:: Given information
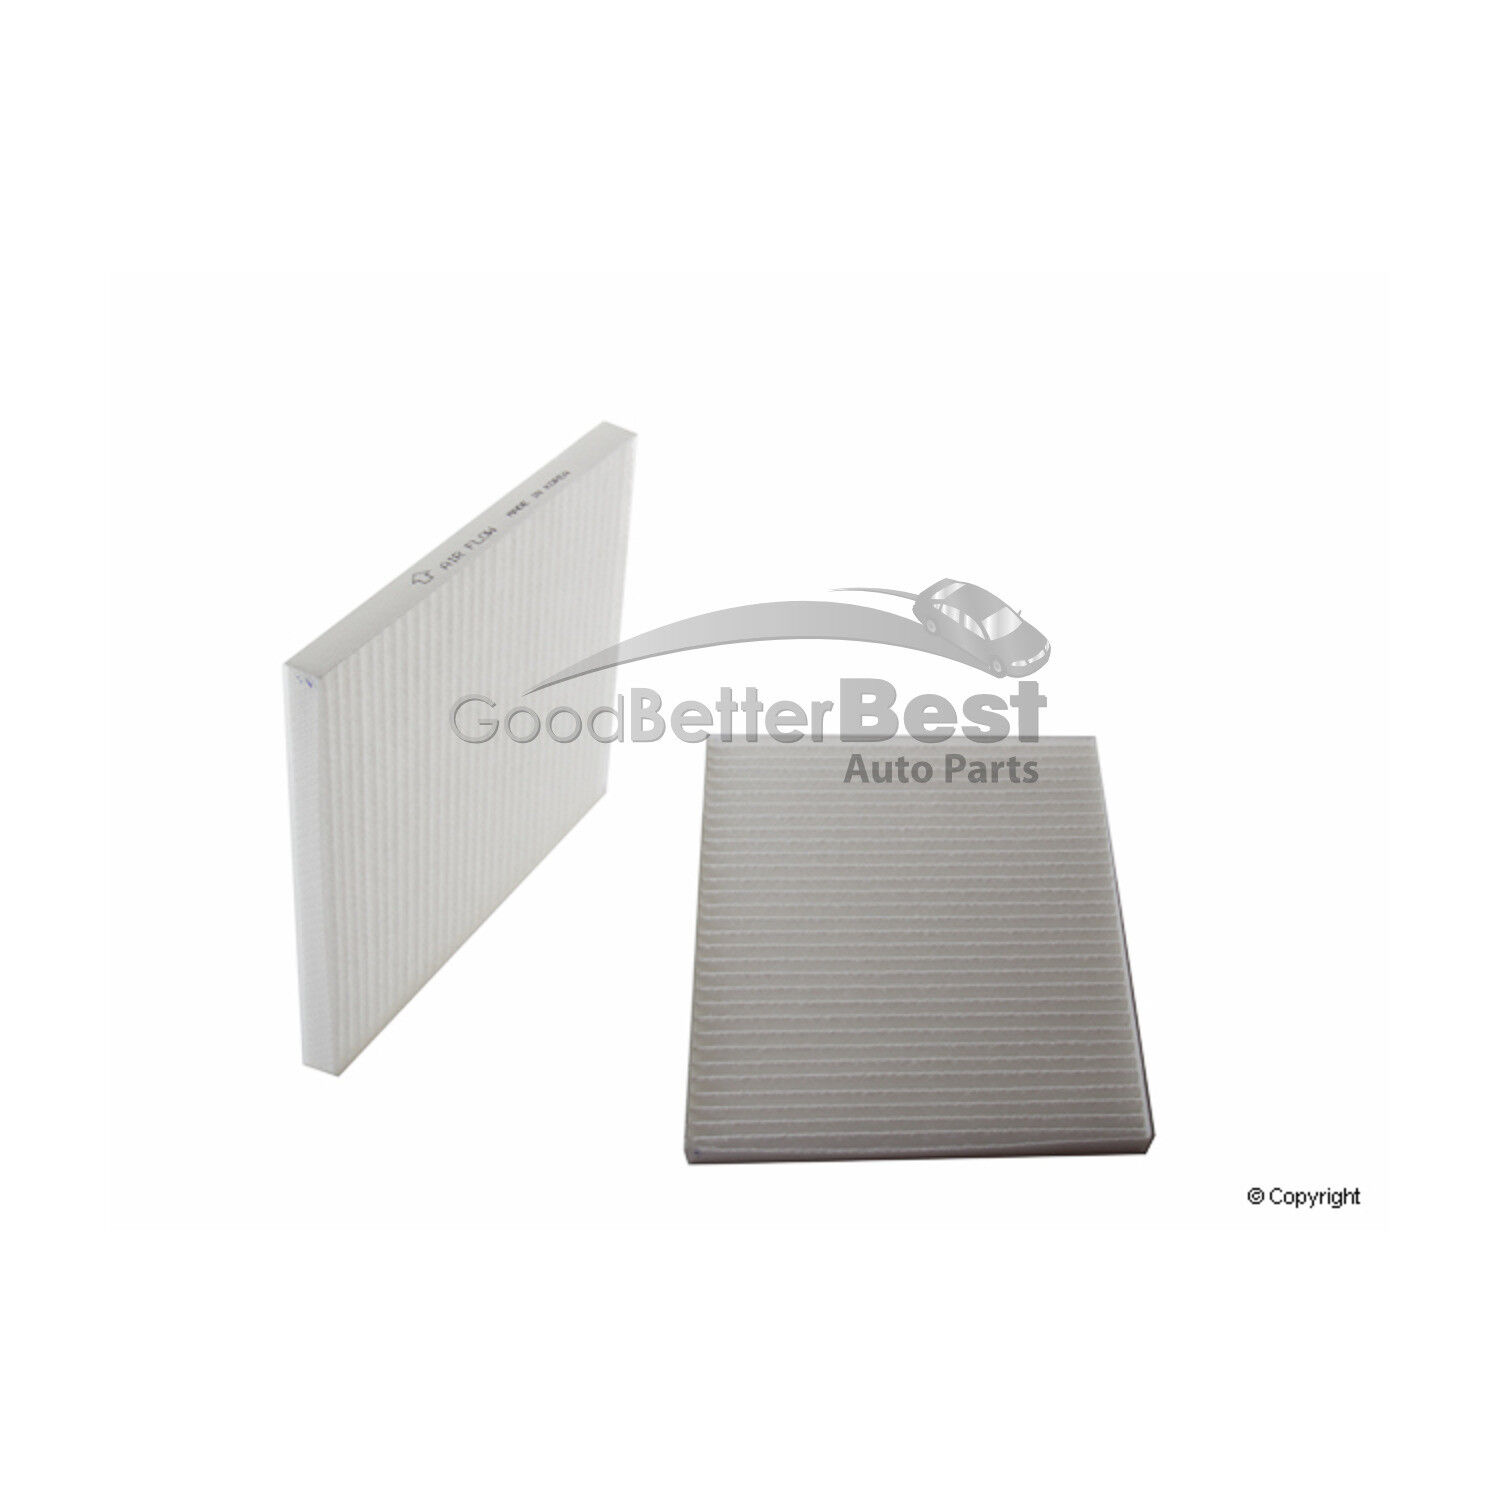 One New Parts-Mall Cabin Air Filter PMAP33 087902E200A for Hyundai
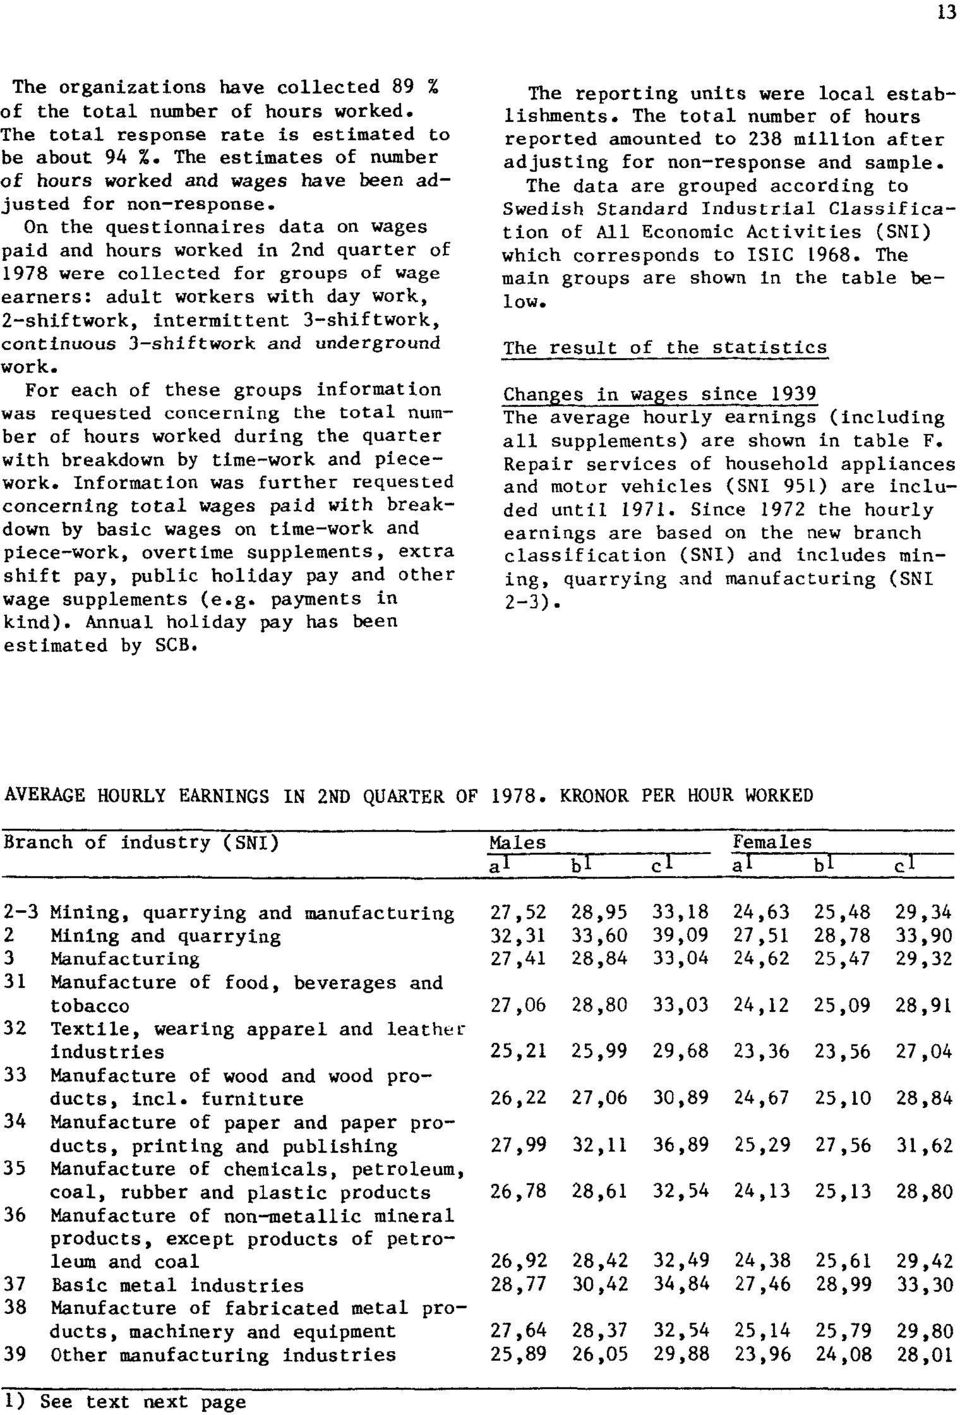 On the questionnaires data on wages paid and hours worked in 2nd quarter of 1978 were collected for groups of wage earners: adult workers with day work, 2-shiftwork, intermittent 3-shiftwork,
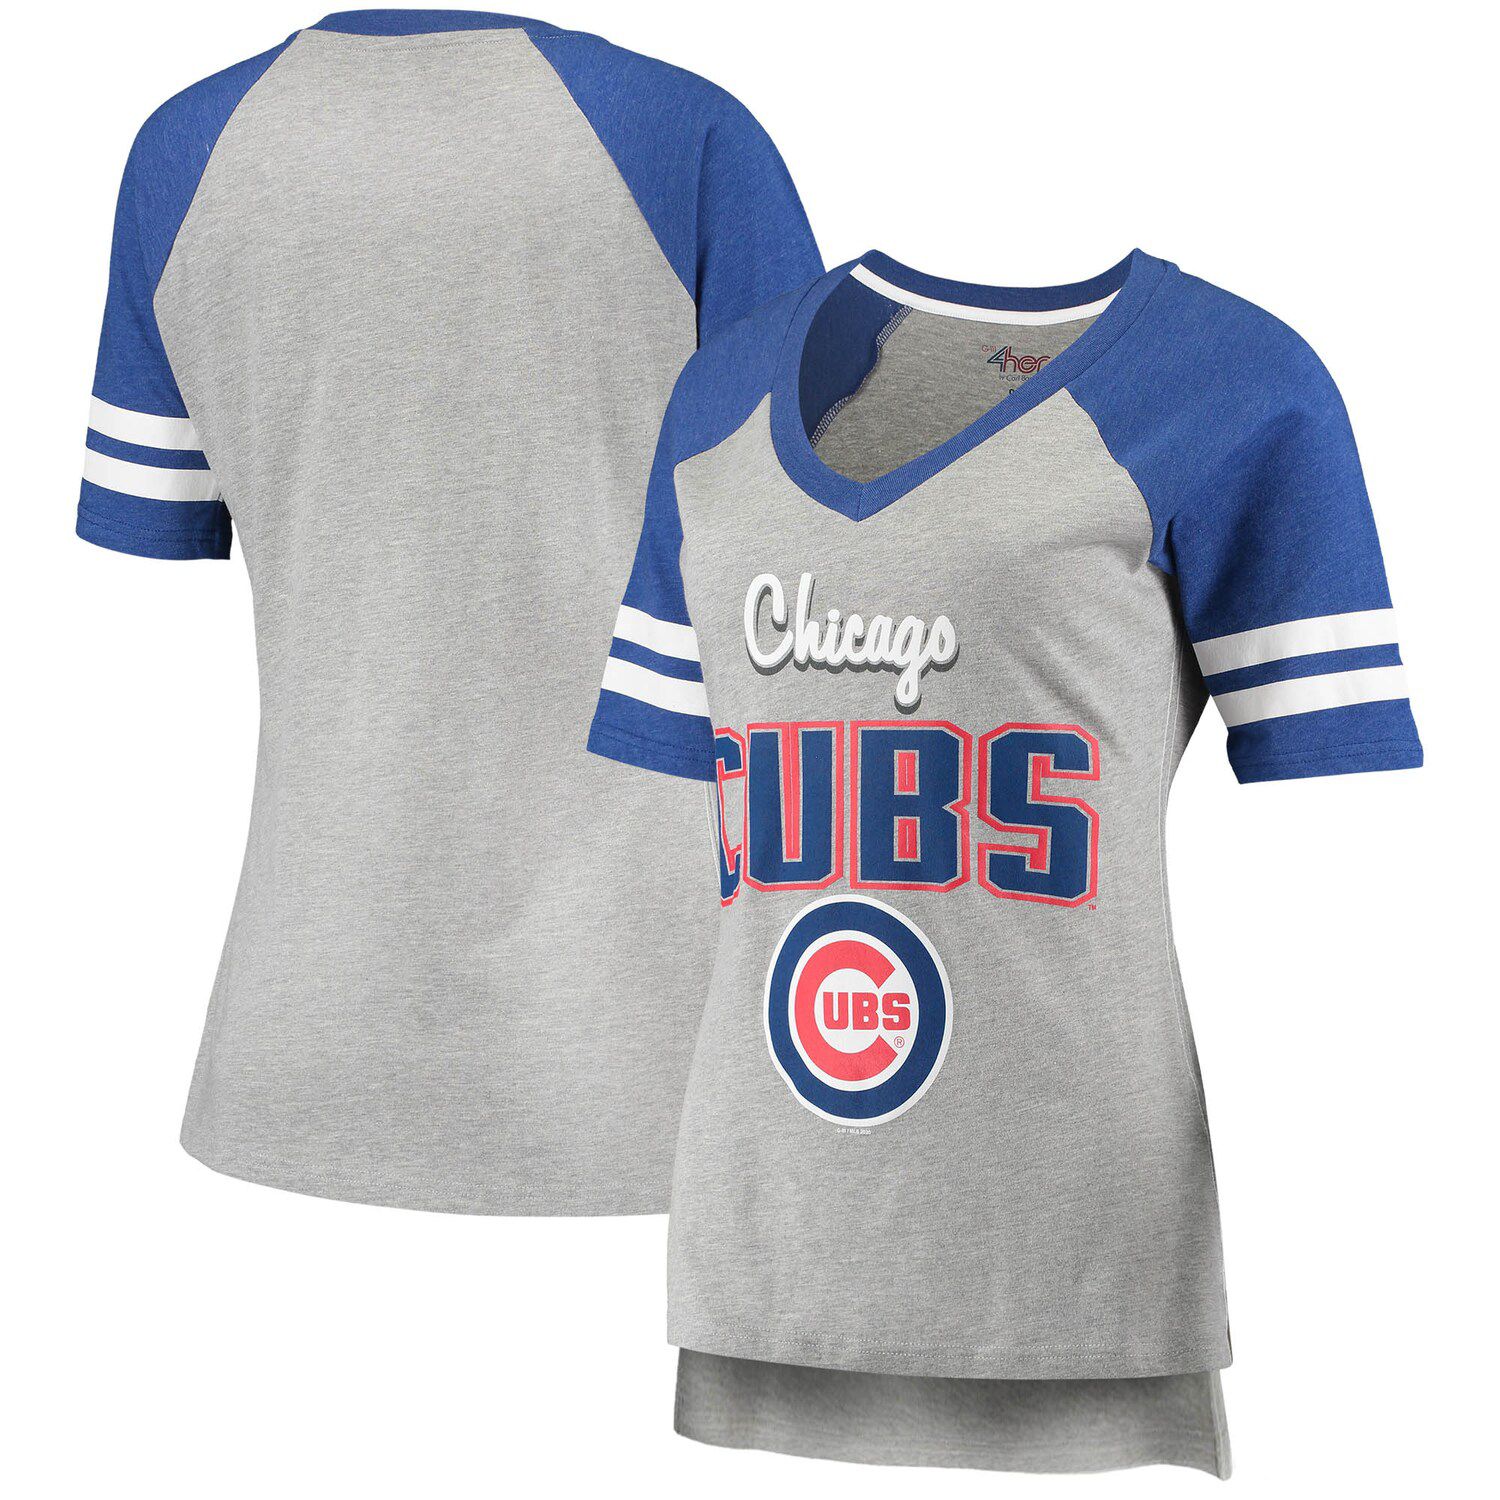 Fanatics Women's Branded Royal, Red Chicago Cubs Iconic Raglan
::::
* Your objective: Once you find the line that contains "On the questionnaires", give it again along with every later line through the end of the data, word for word, minus the pictures.

* Answer for this exercise:
 On the questionnaires data on wages paid and hours worked in 2nd quarter of 1978 were collected for groups of wage earners: adult workers with day work, 2-shiftwork, intermittent 3-shiftwork,
 Fanatics Women's Branded Royal, Red Chicago Cubs Iconic Raglan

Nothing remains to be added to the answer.